Atalanta (4-4-2): THALMANN; MOTTA, PIACEZZI, RIZZON, LEDRI; BALDI (MONTERUBBIANO al 10′ s.t.), STRACCHI, FUSAR POLI (dal 33′ s.t. ALBORGHETTI), RE; MENDES, PIRONE. All. Elio Garavaglia. A disposizione: Salvi, Alborghetti, Rizza, Monterubbiano.

Ravenna (3-5-2): GUIDI; ALUNNO, MANIERI, TUCCERI CIMINI; PITTACCIO (dal 26′ s.t. BARBARESI), ERRICO, CARROZZI (dal 5′ s.t. CAMPESI),  FILIPPI, CASADIO (dal 34′ s.t. QUADRELLI); PUGNALI, BALDINI. All. Fausto Lorenzini.
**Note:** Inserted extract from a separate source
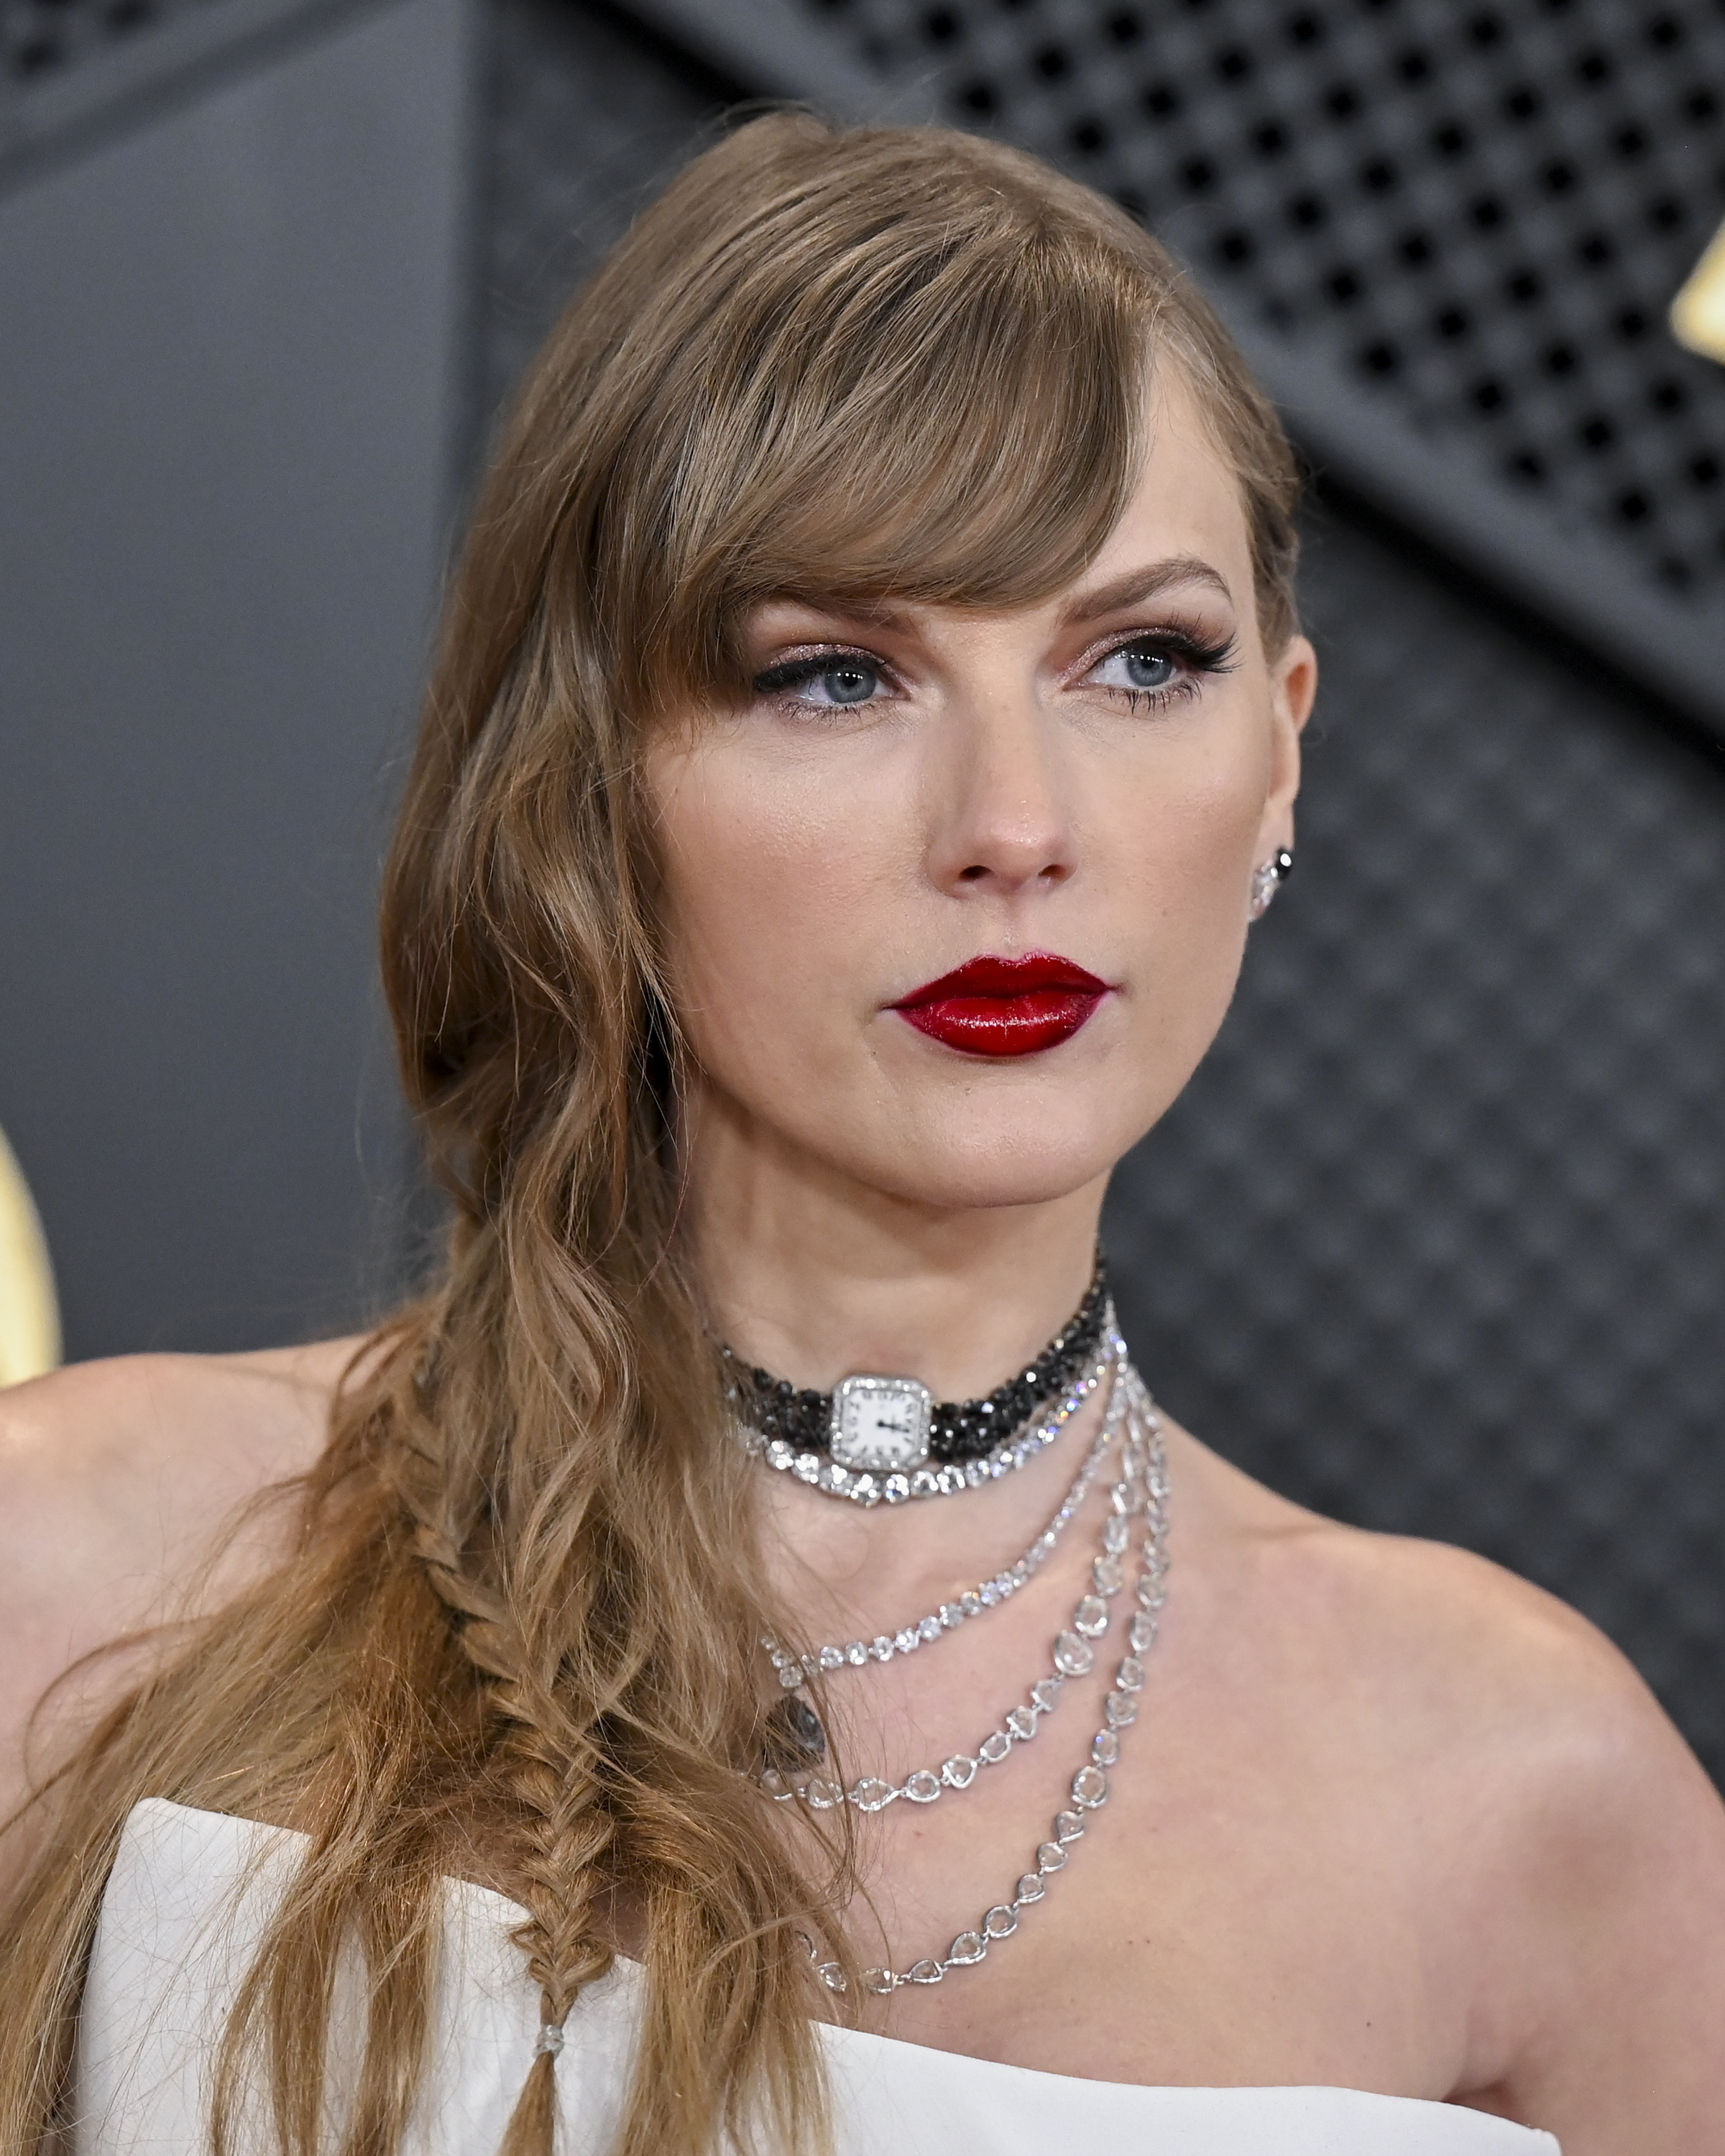 Taylor Swift wearing a strapless gown with a sparkling choker necklace
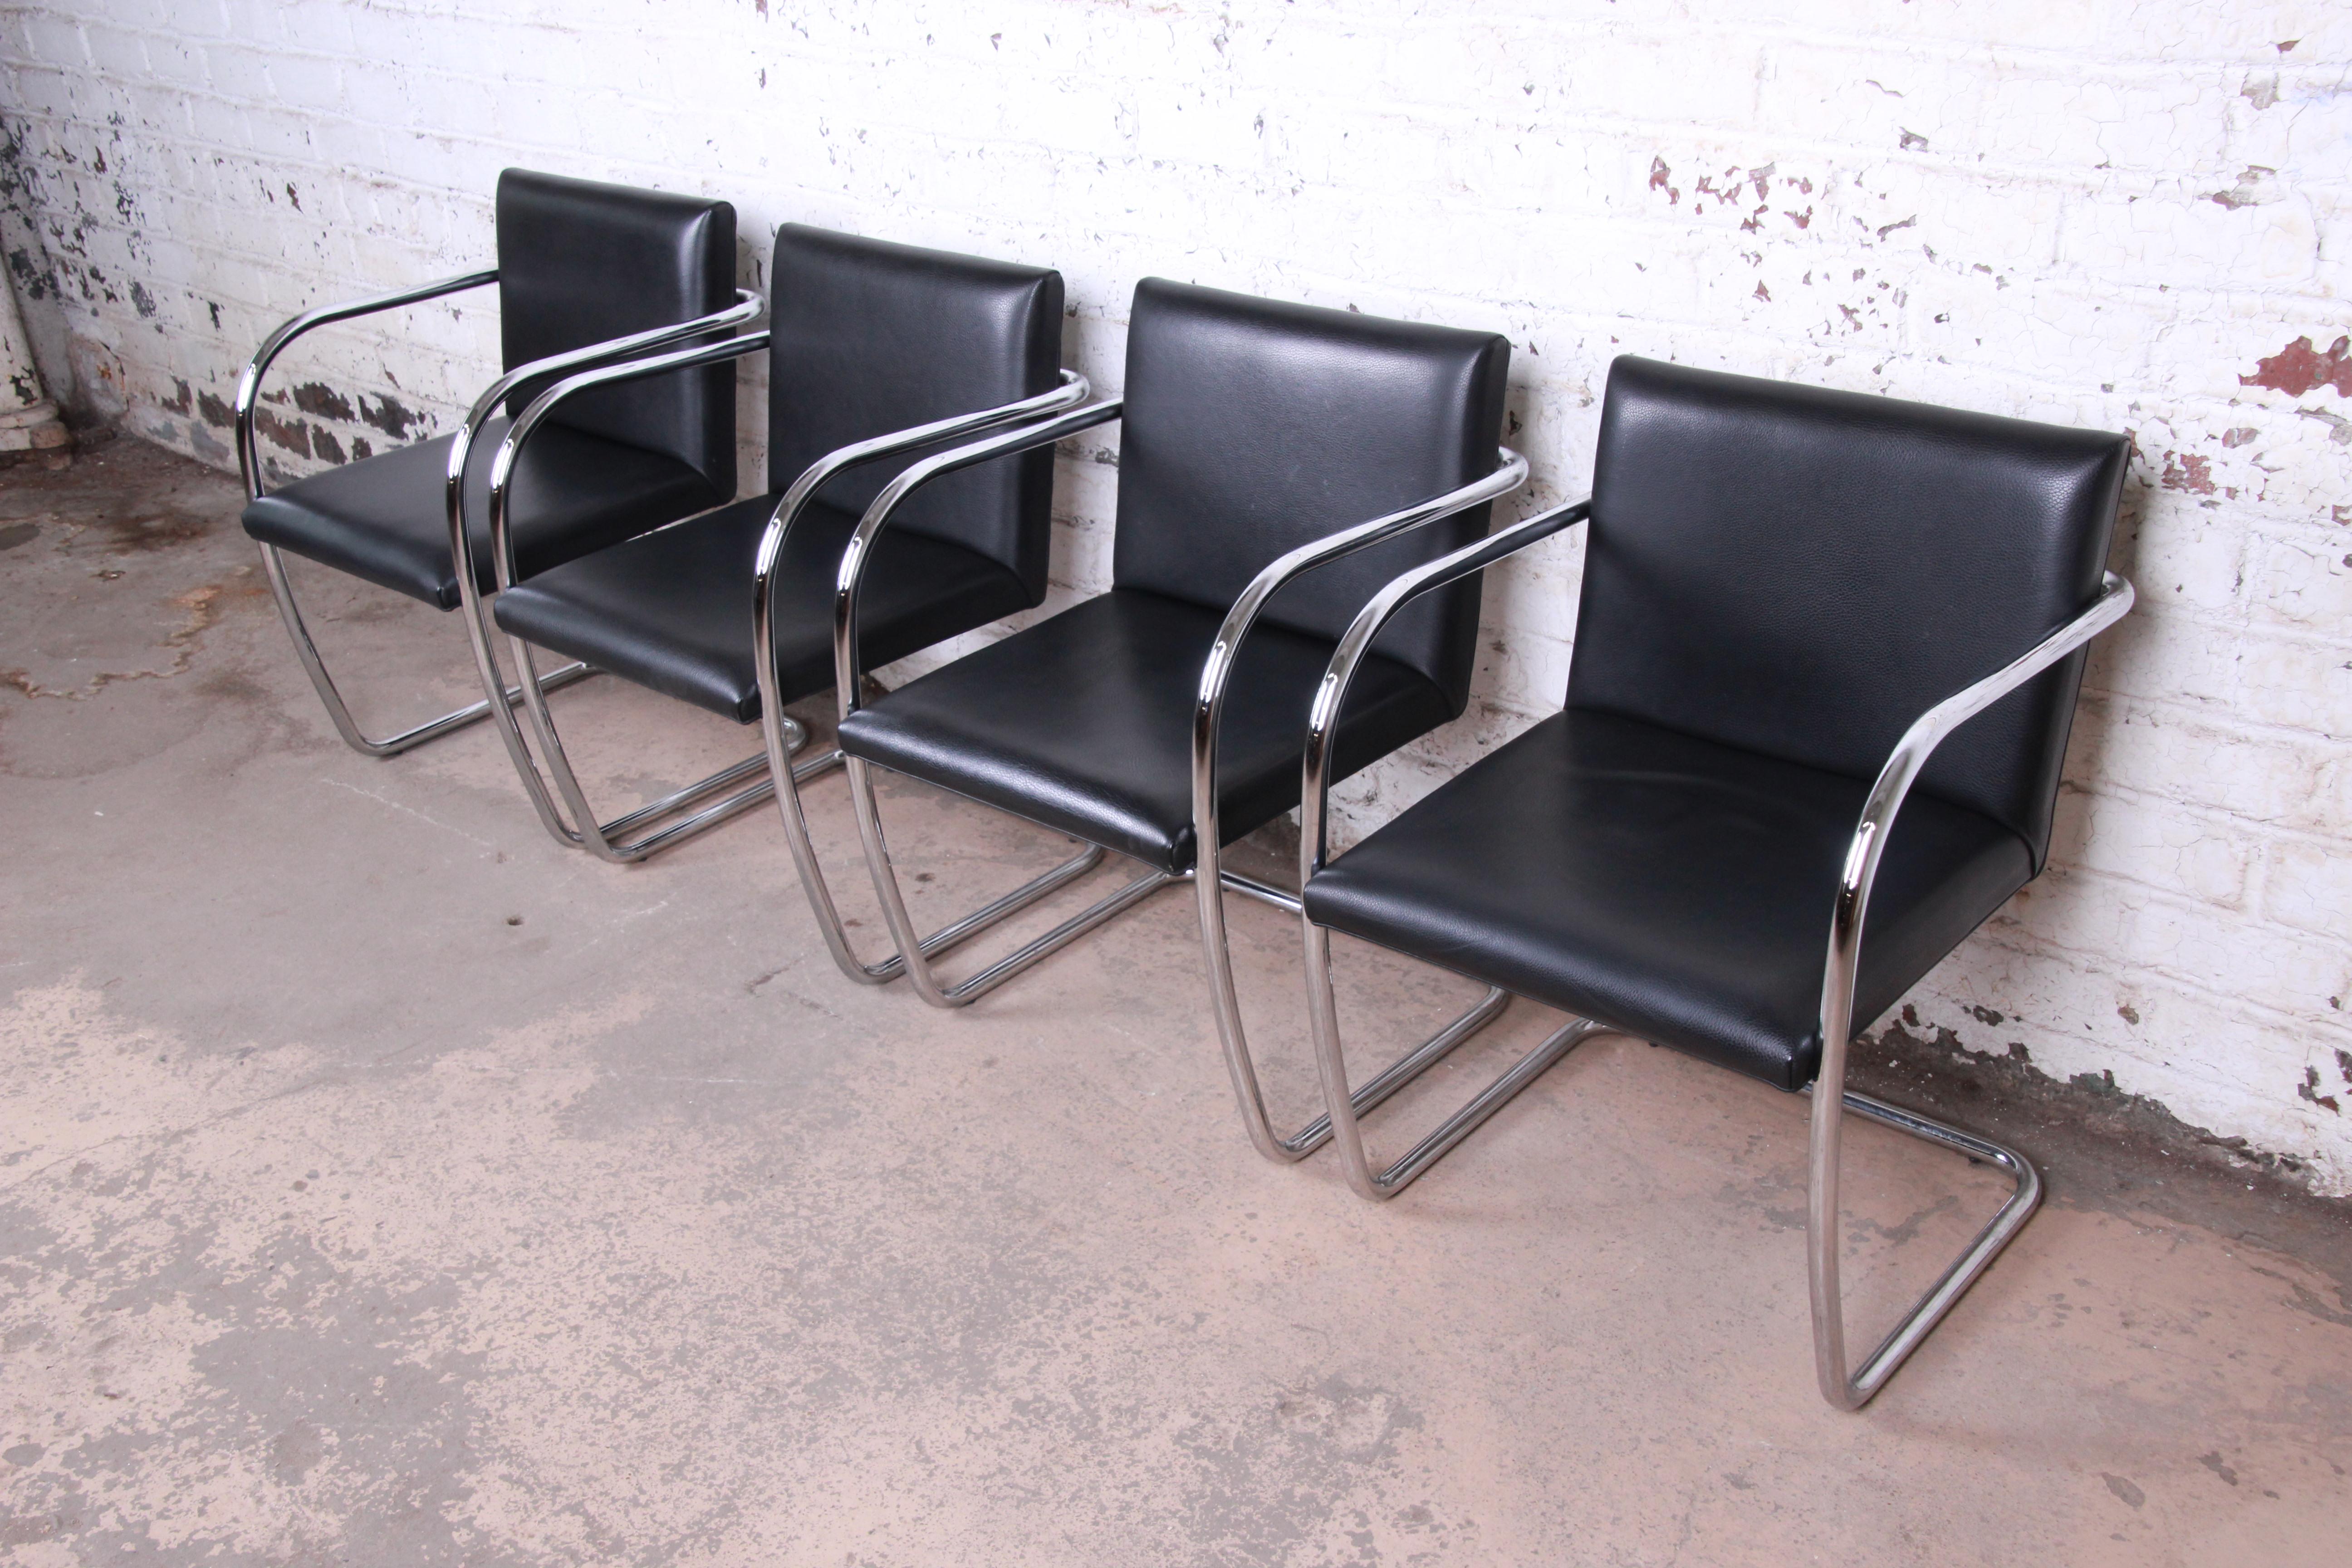 Italian Mies van der Rohe Black Leather and Chrome Brno Chairs, Made in Italy

A disposizione: Tampieri, Cuciniello, Muratori, Costantino, Campesi, Quadrelli, Barbaresi.

Arbitro: Christophe Barmasse di Aosta; assistenti: Torcasio di Chiari e Picciolo di Brescia.
Ammonite: Manieri (RW) al 13′ e Tucceri Cimini (RW) al 38′ s.t.
Note: Giornata di sole. Presenti circa un centinaio di spettatori. Angoli 4-2. Recupero: 1’+4′.